*Information provided*.
:::

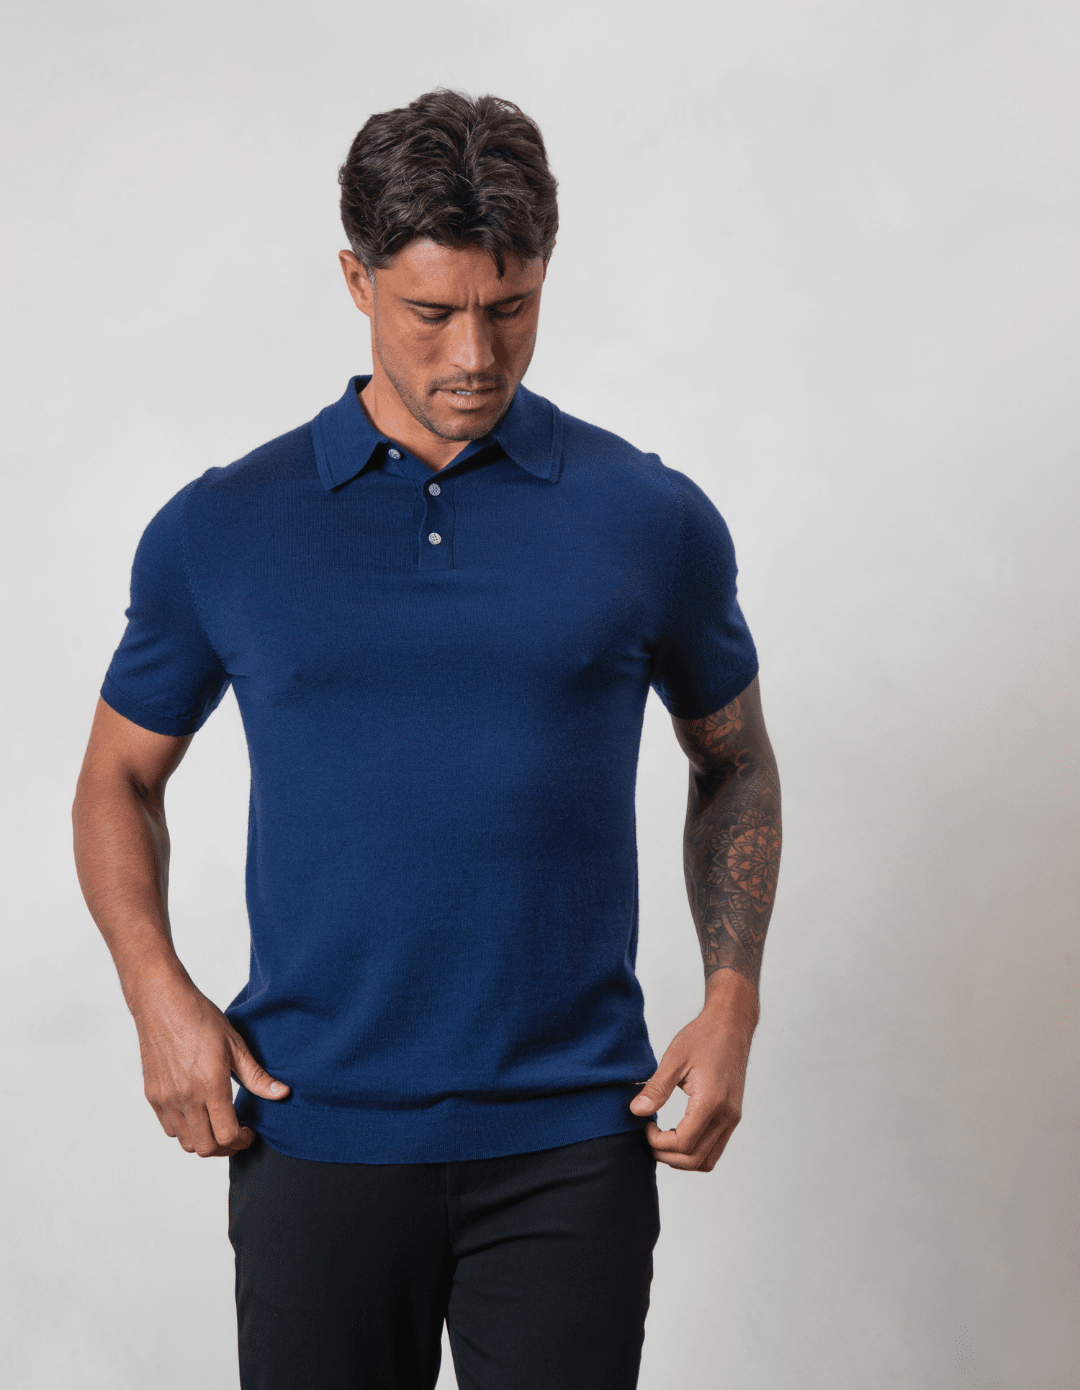 Men's Button Merino Polo | Navy Merino Wool Polo for Men | Express ...
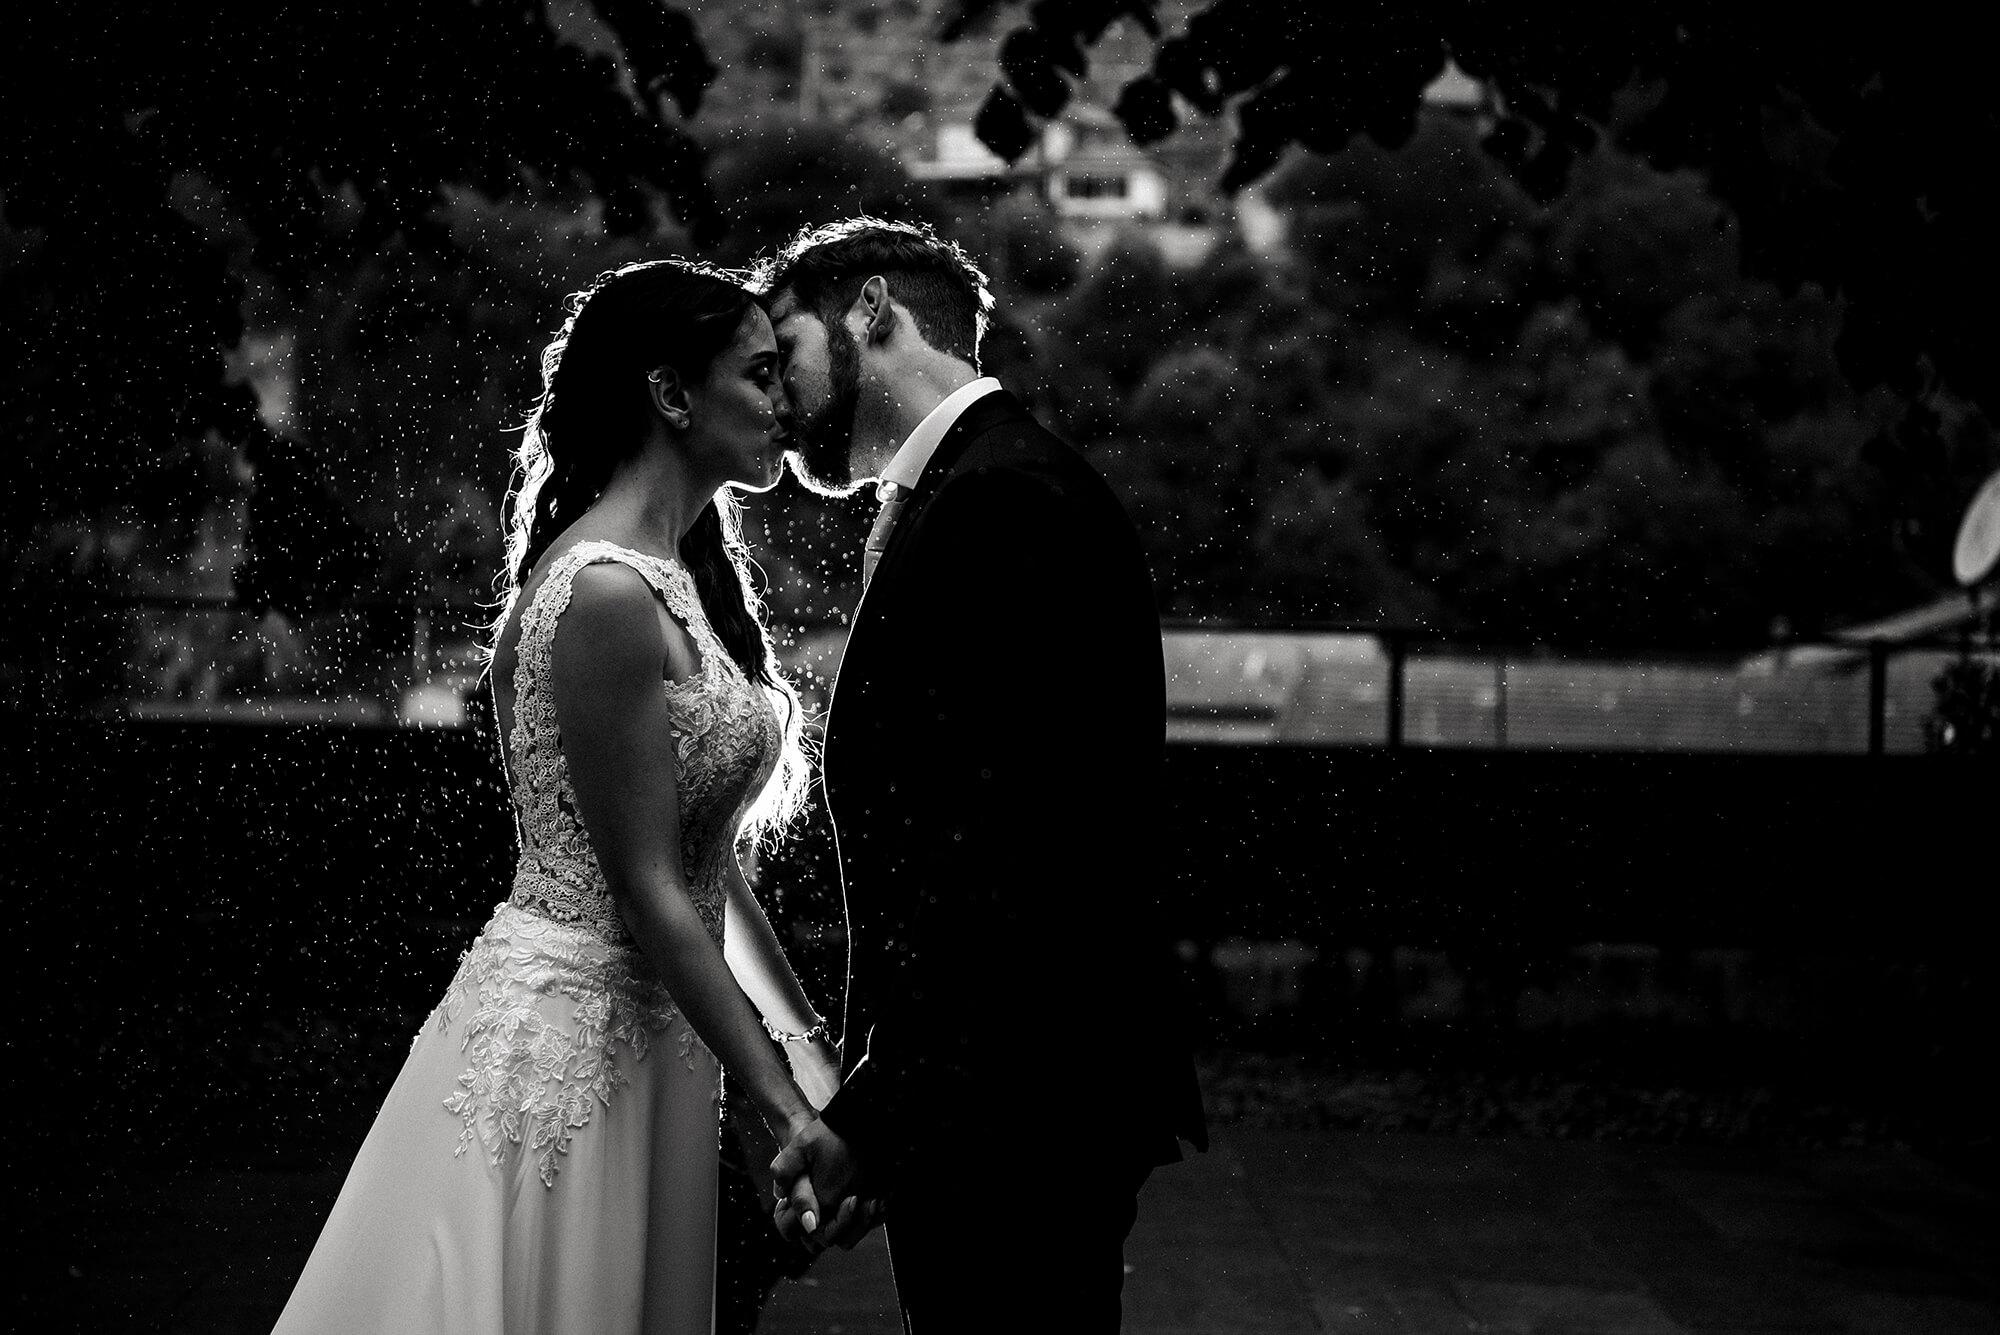 Ci è capitato spesso di fotografare un matrimonio con la pioggia, quando succede la prendiamo con filosofia e cerchiamo di realizzare delle belle foto.
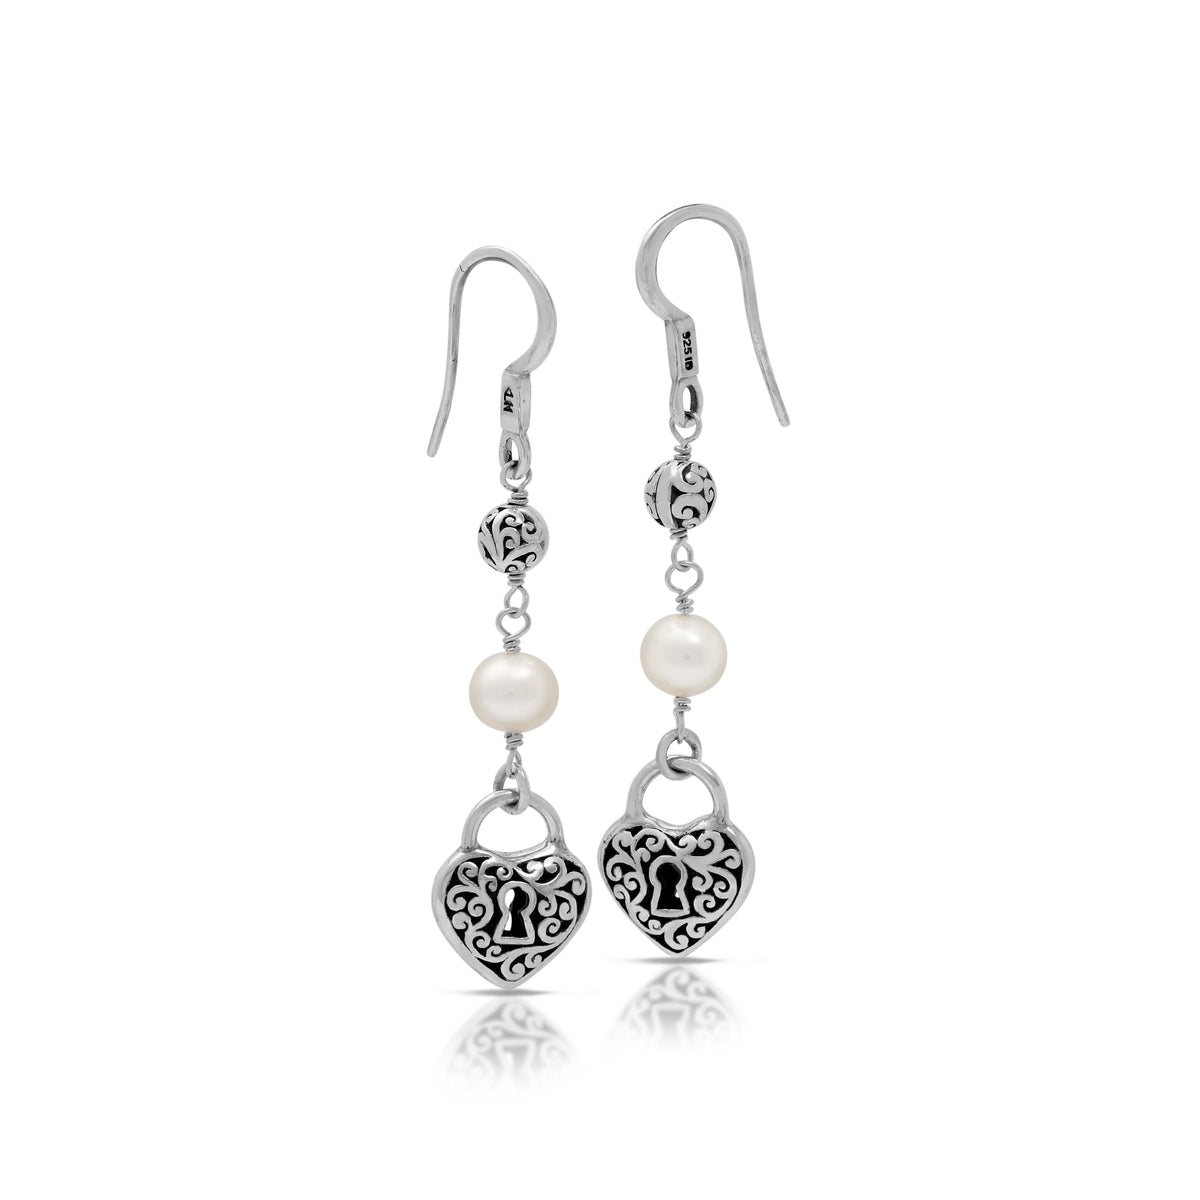 White Pearl & LH Scroll Beads Heart Drop Earrings (37mm)
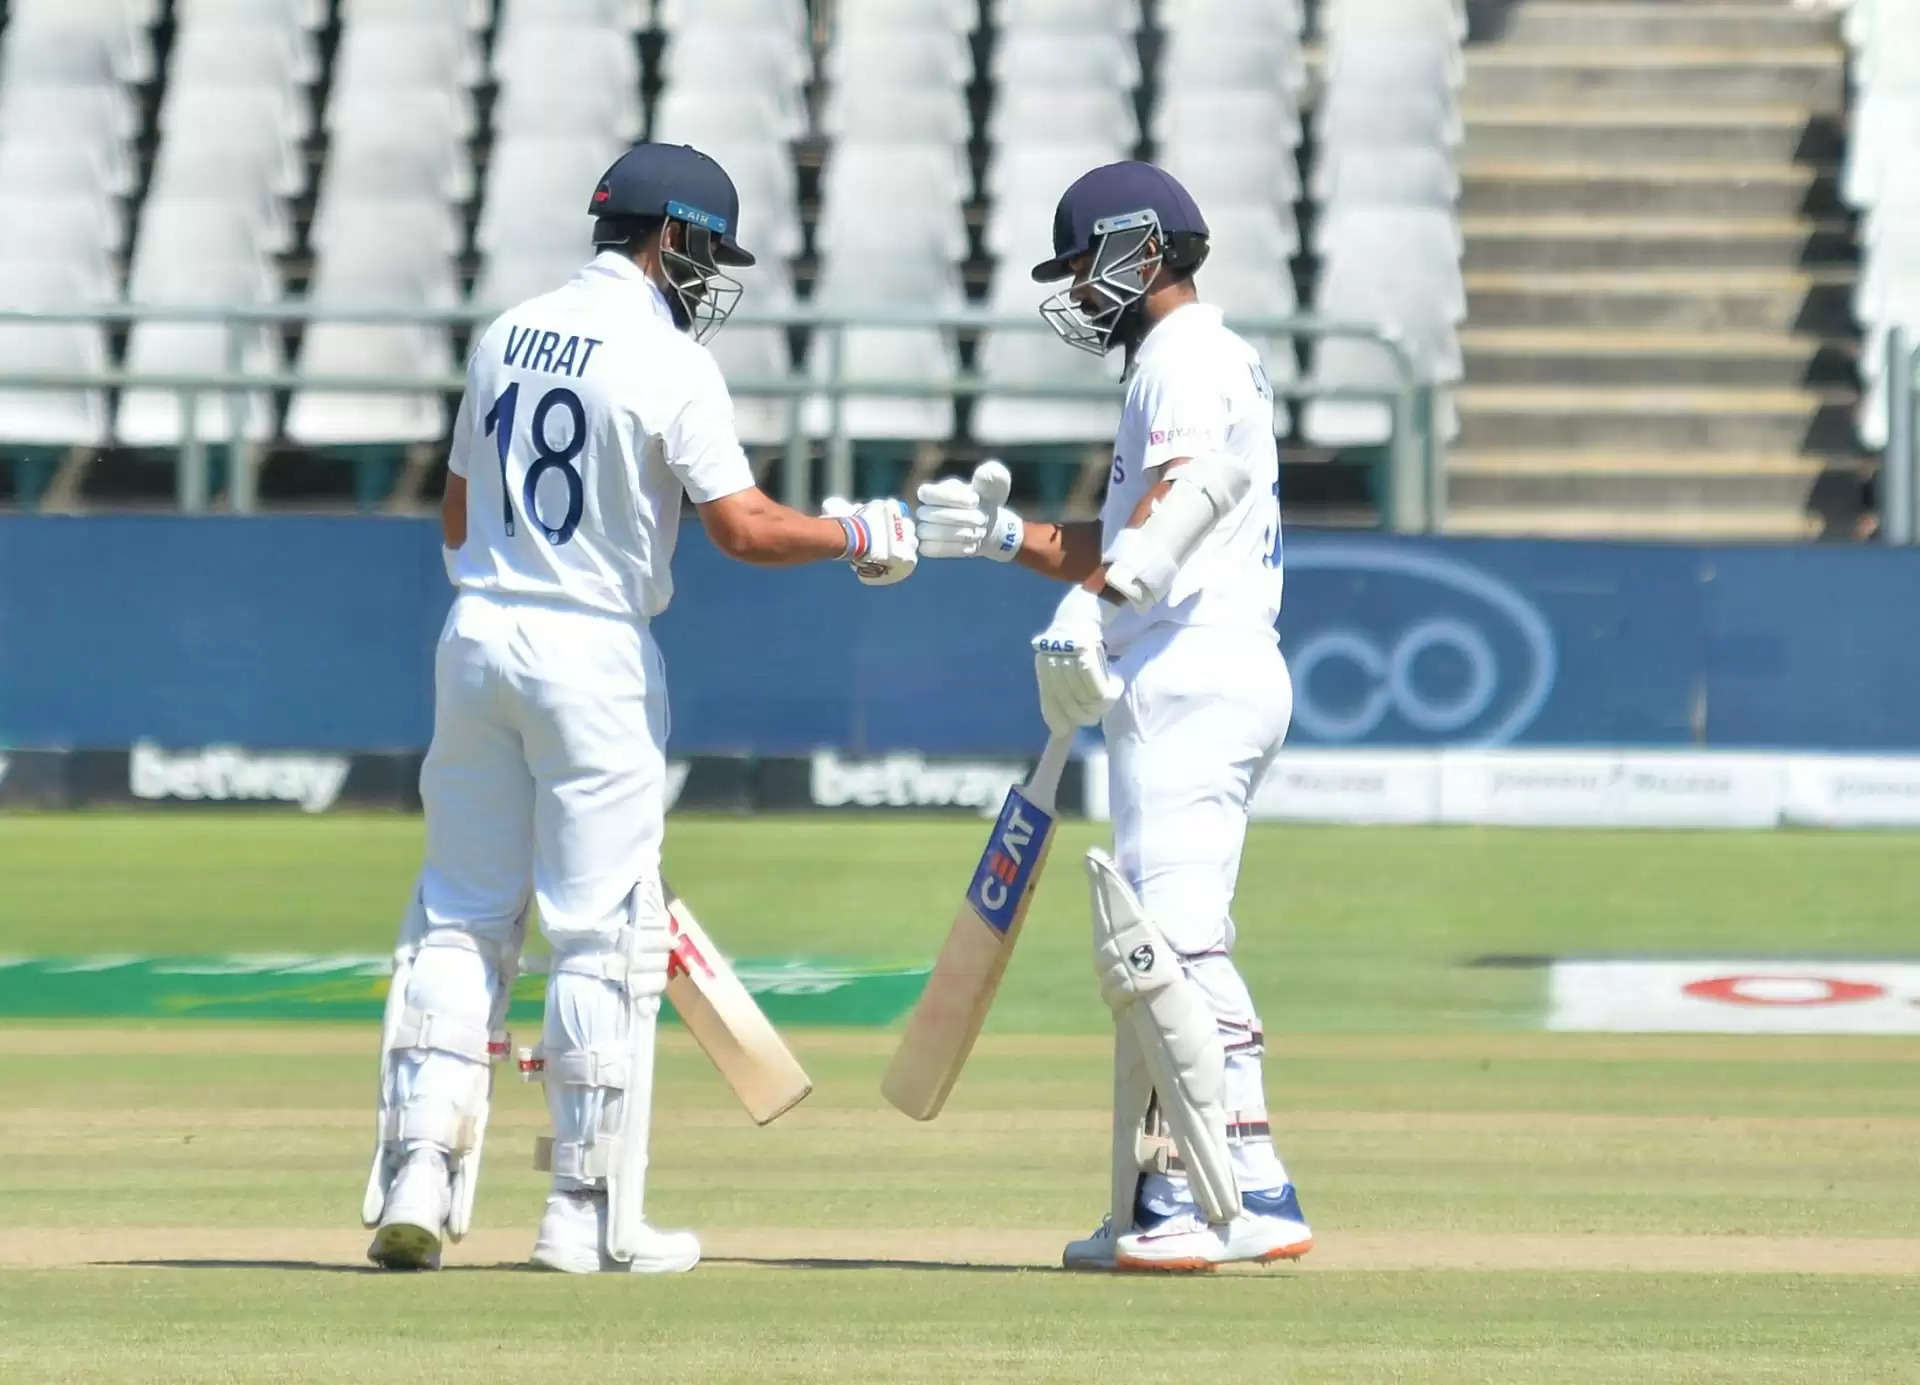 "सिर्फ 5 विशेषज्ञ बल्लेबाज, 3 की फॉर्म पर सवालिया निशान" - सलमान बट ने दक्षिण अफ्रीका में भारत की हार का कारण बताया

:::

*Task to carry out*.
Would you set down the material exactly as it stands, without the pictures?

*Solution to this problem*.
 Men's Button Merino Polo | Navy Merino Wool Polo for Men | Express ...
 Ci è capitato spesso di fotografare un matrimonio con la pioggia, quando succede la prendiamo con filosofia e cerchiamo di realizzare delle belle foto.
 White Pearl & LH Scroll Beads Heart Drop Earrings (37mm)
 "सिर्फ 5 विशेषज्ञ बल्लेबाज, 3 की फॉर्म पर सवालिया निशान" - सलमान बट ने दक्षिण अफ्रीका में भारत की हार का कारण बताया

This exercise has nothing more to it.